Chris Faulkner, CEO of CI Host, which filed the lawsuit in August, claimed that AOL is in settlement talks with his firm.
CI Host, a Dallas company that hosts Web sites and sends e-mail on behalf of its 200,000 customers said that on Aug. 12, AOL blocked the IP addresses of its servers.
“We host 15 million e-mail accounts,” said Faulkner. “Many of them use AOL dial up, and none of them could contact companies that use AOL.”
AOL did not return a call for comment by press time. Nicholas Graham, AOL spokesman, has said in other reports that the allegations made in the lawsuit are without merit.
“The [blockage] came out of the blue — we got no faxes, no warning, no phone calls, and they will not say why they did this,” Faulkner said.
Faulker alleged: “When our customers would e-mail through AOL, the e-mails would bounce back and the message would say, ‘this e-mail is coming from a spammer. AOL has determined that the e-mail server you are sending this e-mail from is blacklisted for sending excessive spam.'”
Faulkner filed the lawsuit in the state court in the District Court of Tarrant County, Texas on Aug. 18 claiming unfair competition, violations of the trademark law, interference with contractual rights and unfair methods of competition. Damages requested are in excess of $15 million, but Faulkner said he is still evaluating the damage to his clients.
CI Host also filed a temporary restraining order asking that the blocks be opened. A state judge granted the restraining order on Aug. 21.
But Faulkner claimed that AOL refused to comply for 10 days.
“On day 11, they unblocked the IP addresses of our servers, but the next day, they blocked our servers again,” Faulkner said. “And then their general counsel called and said that an automated system was blocking this and they couldn’t do anything about it,” Faulkner said.
CI Host filed a motion for contempt on Sept. 1 because AOL failed to unblock the IPs in a timely manner, Faulkner said.
Finally, he said, the IPs were unblocked.
The case has since been moved to federal court.

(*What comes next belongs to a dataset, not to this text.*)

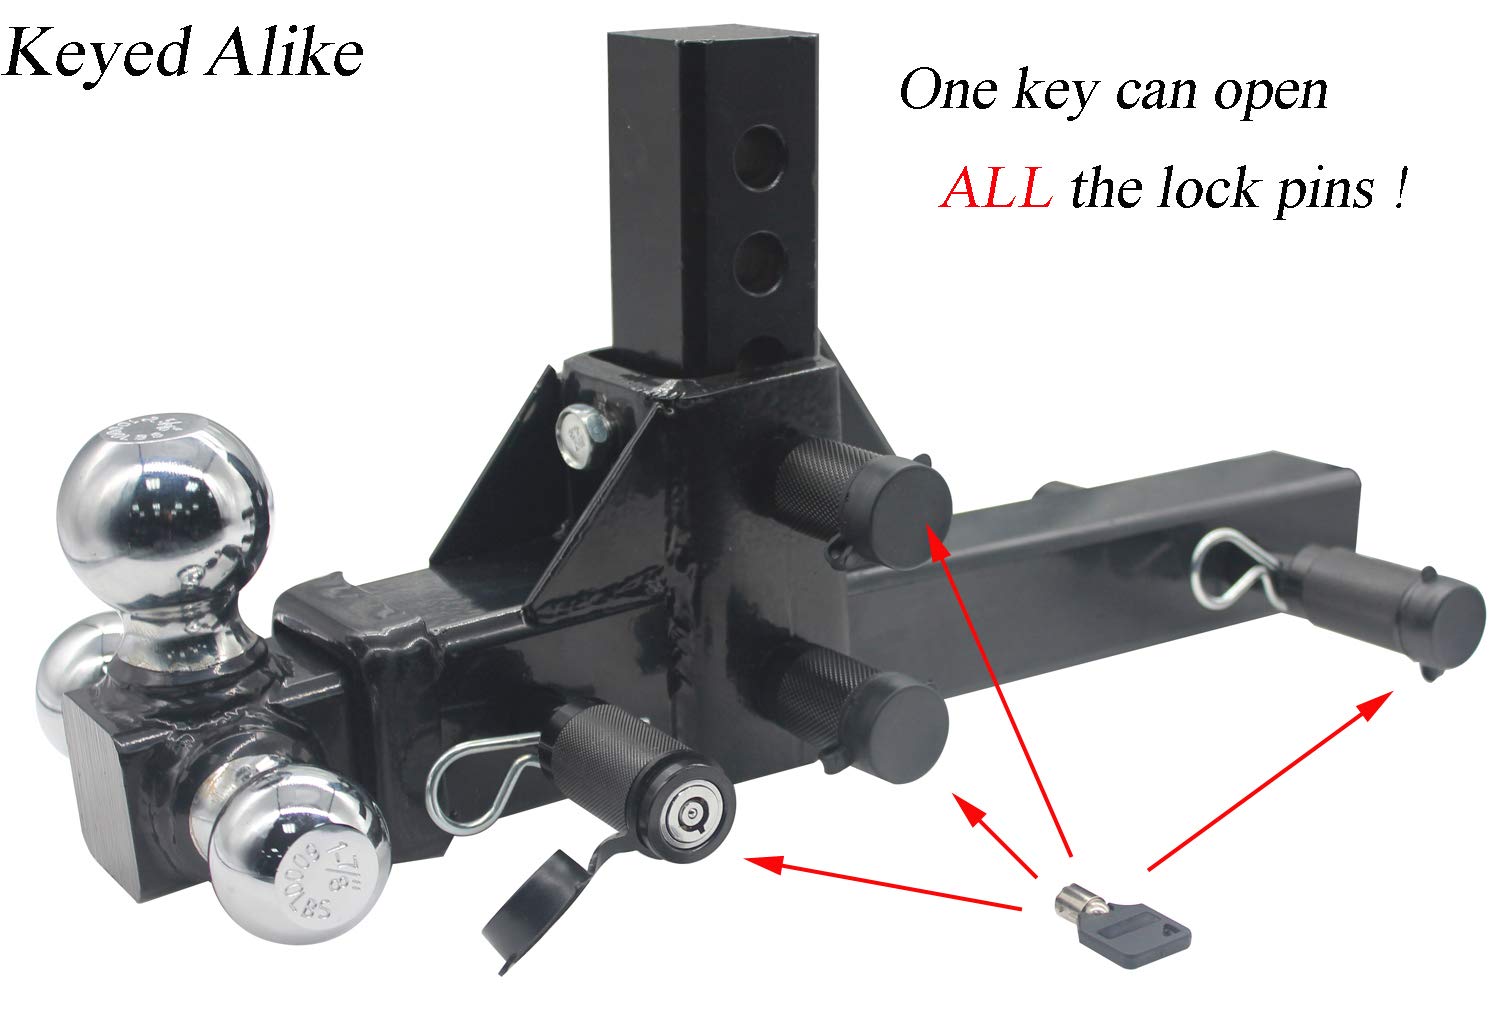 AC-DK Adjustable Trailer Hitch Ball Mount, Fits 2-Inch Receiver, 5-3/4-Inch Drop, 1-7/8, 2, 2-5/16-Inch Balls, 10,000 lbs, Come with 4-Pack 5/8" Tow Hitch Pin Locks Keys
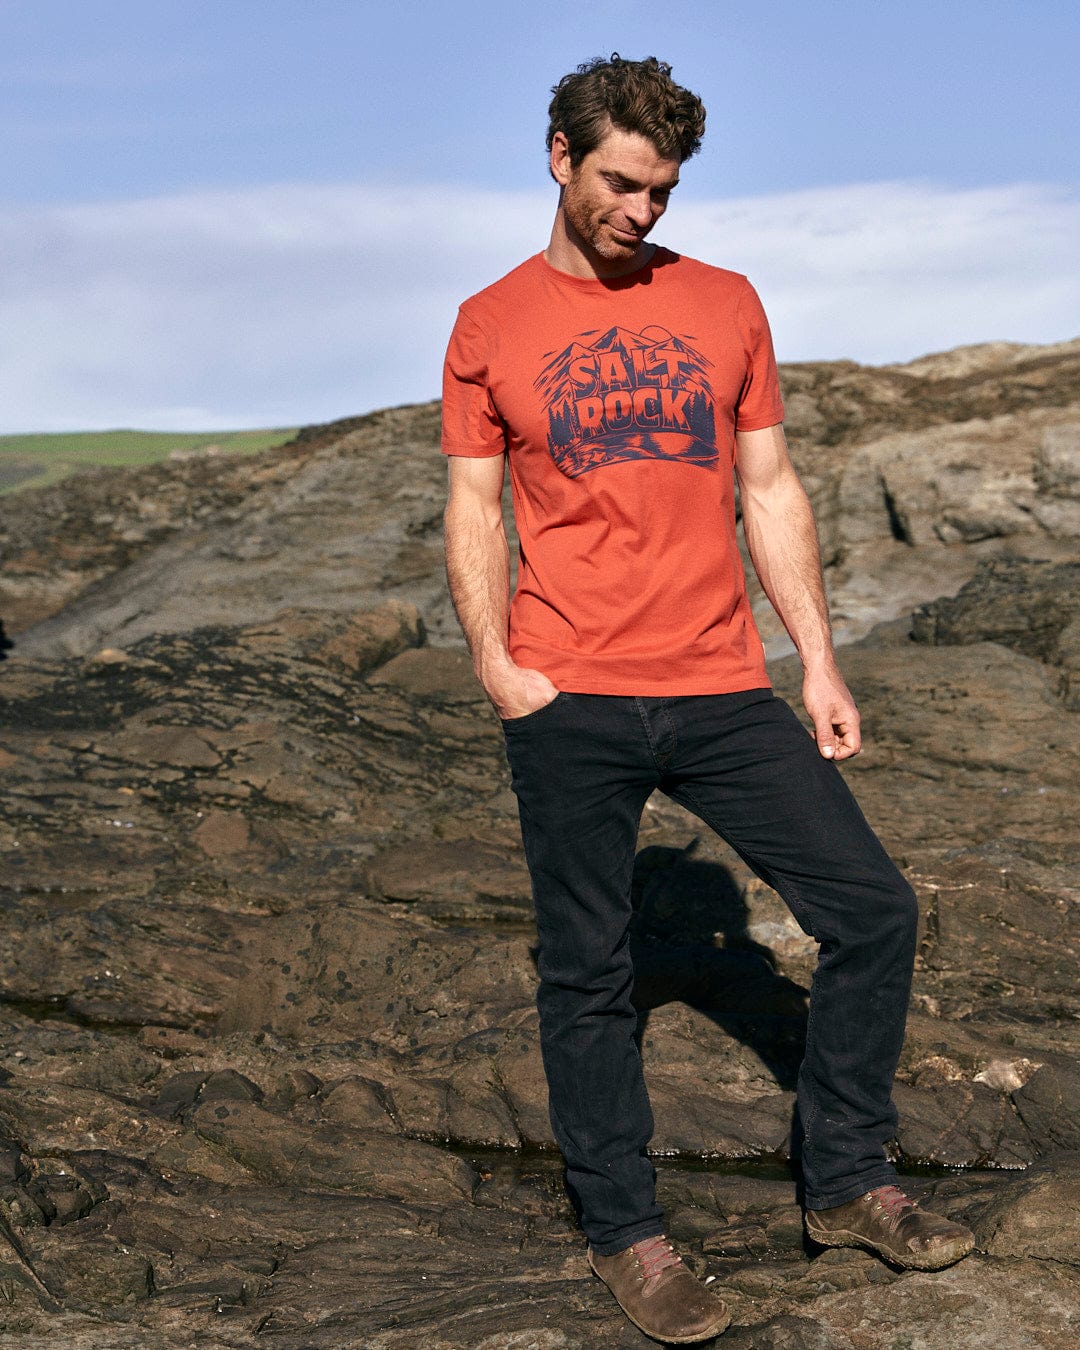 A stylish man in a Saltrock Wood Carve Logo - Mens Short Sleeve T-Shirt - Red standing on rocks in a mountain scene.

Faulkner said he does not plan to settle with AOL. “I am not afraid,” he said. “They are a giant and they have a lot of money, but I am big and have a lot of money, too. We had 200,000 customers screaming at us and we have to take care of them. If I take this lying down, I’m going to lose those customers in an industry that has 15,000 Web server companies competing against us.”